Por outro lado, a imprensa francesa demonstra, nesta segunda-feira, com expressões como "Cruel", "Pesar eterno" e "Tão perto do sonho", toda sua amargura com a derrota da França na final da Copa do Mundo-2006.

O diário esportivo "L'Equipe" estampa em sua manchete "Lamentos eternos". Em cada uma das páginas do jornal dedicadas à final da Copa, há um título amargurado pela derrota francesa: "Zidane, uma saída falida", "Sonhávamos com outro final", "A consternação e as lágrimas", "Às lágrimas, cidadãos", entre outros.

O colunista Claude Droussent, do "L'Equipe", demonstrou toda sua frustração com Zidane pela expulsão. "Como isso pôde acontecer com um homem como você?". E diz adiante: "Te imagino muito desgraçado esta manhã".

O "Libération", por sua vez, estampa a palavra "Cruel" em letras enormes sobre uma foto de Zidane com as mãos na cabeça. Em editorial, o jornal explica que "há um mês, a França sonhava com Zidane. Esta manhã acorda com Chirac [presidente do país]. França, terra de contraste que, mesmo quando joga bola, já não consegue dominar o mundo".

Na capa do também de esquerda "L'Humanité", que elogia a raça e a superação da seleção francesa no caminho à final, a manchete é "Bravo de todas as formas".

Já o "Le Figaro", famoso pela postura conservadora, optou por destacar a boa atuação da campeã. "Itália arrasa a França", diz o título.
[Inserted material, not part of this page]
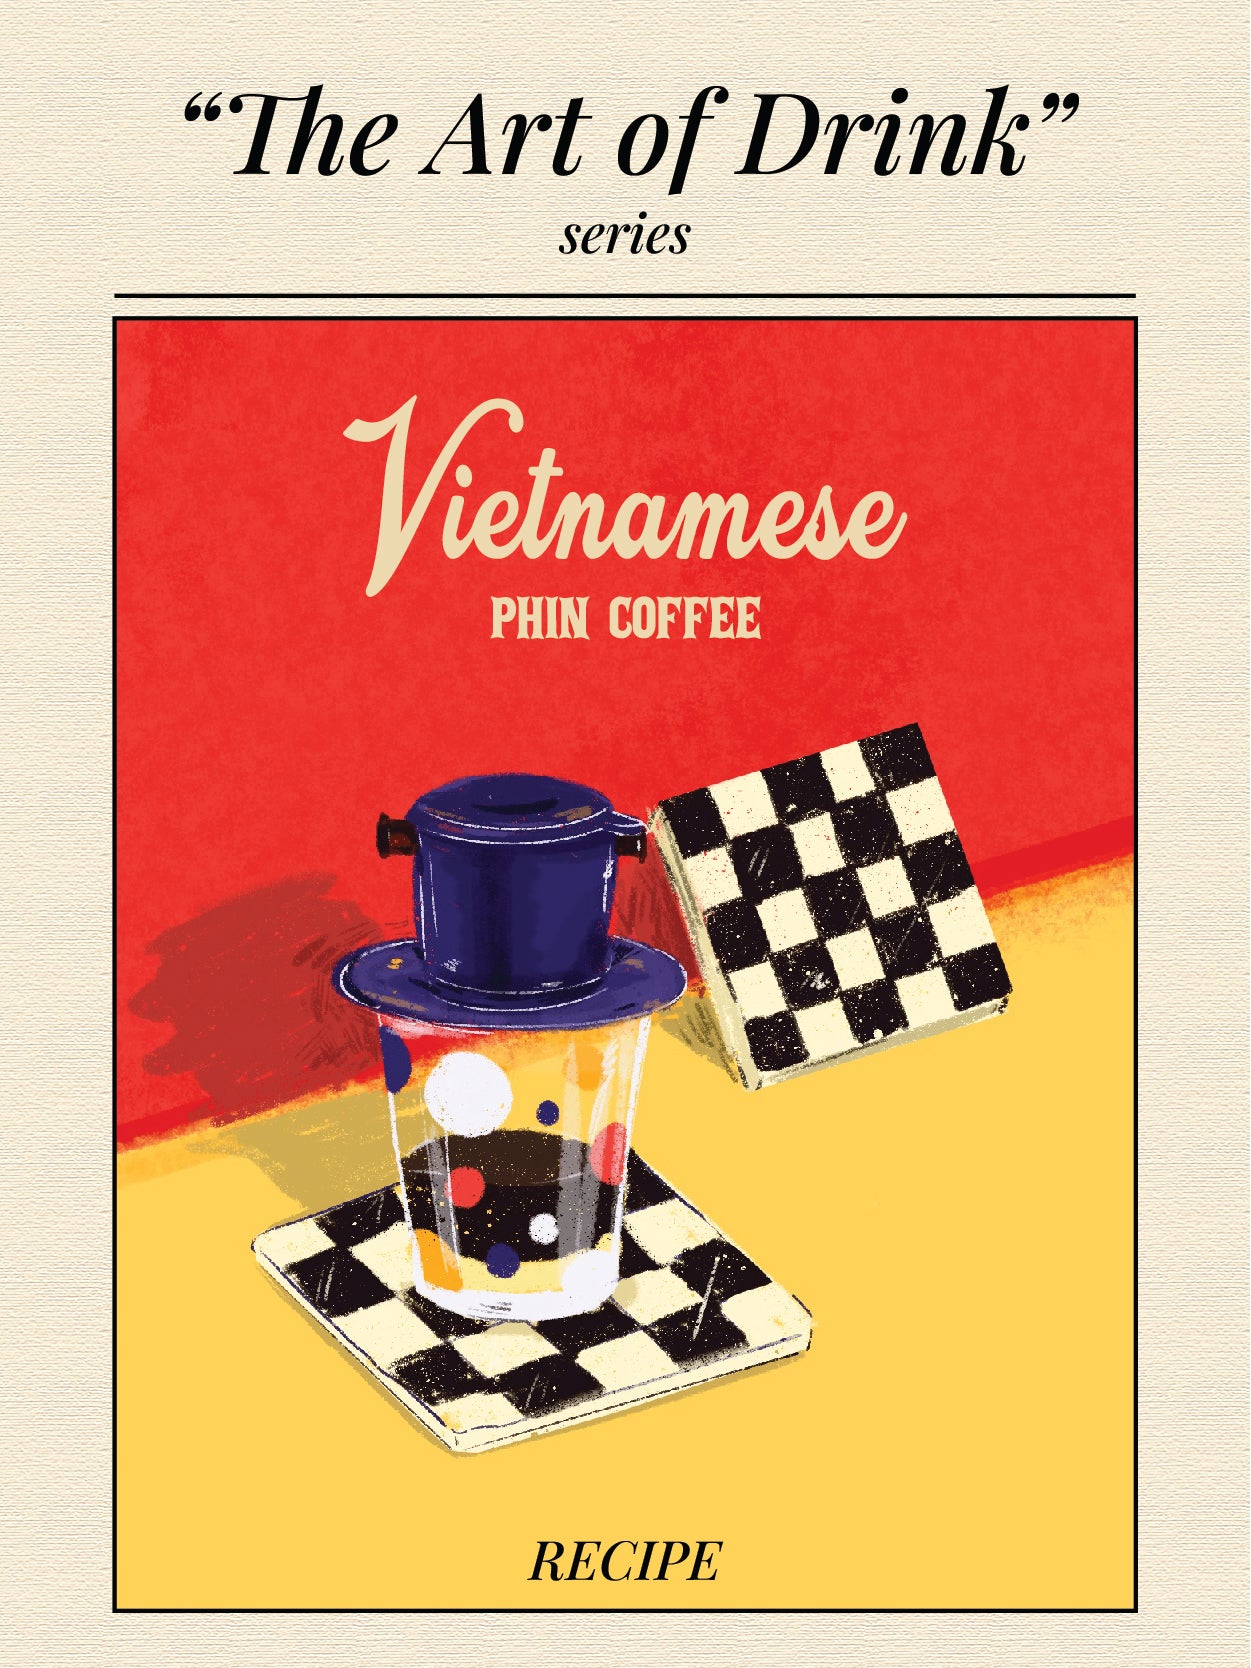 VIETNAMESE PHIN COFFEE - "The Art of Drink" series

Na reportagem, o jornal lembra o escândalo que tomou conta do futebol italiano. "Como em 1982, depois do escândalo do Totonero [de apostas ilegais], o triunfo italiano tem perfume de redenção", diz.

O popular "Le Parisien", cuja manchete é um estranho "Obrigado!", diz que é "cruel tropeçar tão perto da meta".

Os anfitriões

Para a revista alemã "Spiegel", "esta final de Copa do Mundo foi digna de um grande torneio: a Itália desafiou todas as previsões negativas e se tornou a nova campeã após a disputa nos pênaltis. A França perdeu tragicamente e viu a saída ingloriosa de um dos maiores jogadores da história".

E as críticas a Zidane continuam. "Os heróis transformam momentos pequenos em grandiosos, eles brilham e tudo ao seu redor desaparece. Às vezes, os heróis é que estão num grande momento mas se transformam em pequenos e desaparecem. A estupidez é que as falhas vêm logo em seguida da ascensão e são elas que ficam cravadas na memória para sempre", diz a revista sobre o meia francês.

"Esse momento final é o que decide se o herói brilhará eternamente ou será lembrado de maneira trágica", acrescenta.

"No último momento de Zidane como jogador de futebol, ele inclina o corpo pra frente, coloca a cabeça na altura dos ombros e acerta Materazzi com toda força no tórax", continua a "Spiegel", "o resultado: a derrota para os italianos na final após uma disputa de pênaltis sem o capitão, que cobraria o primeiro pênalti francês".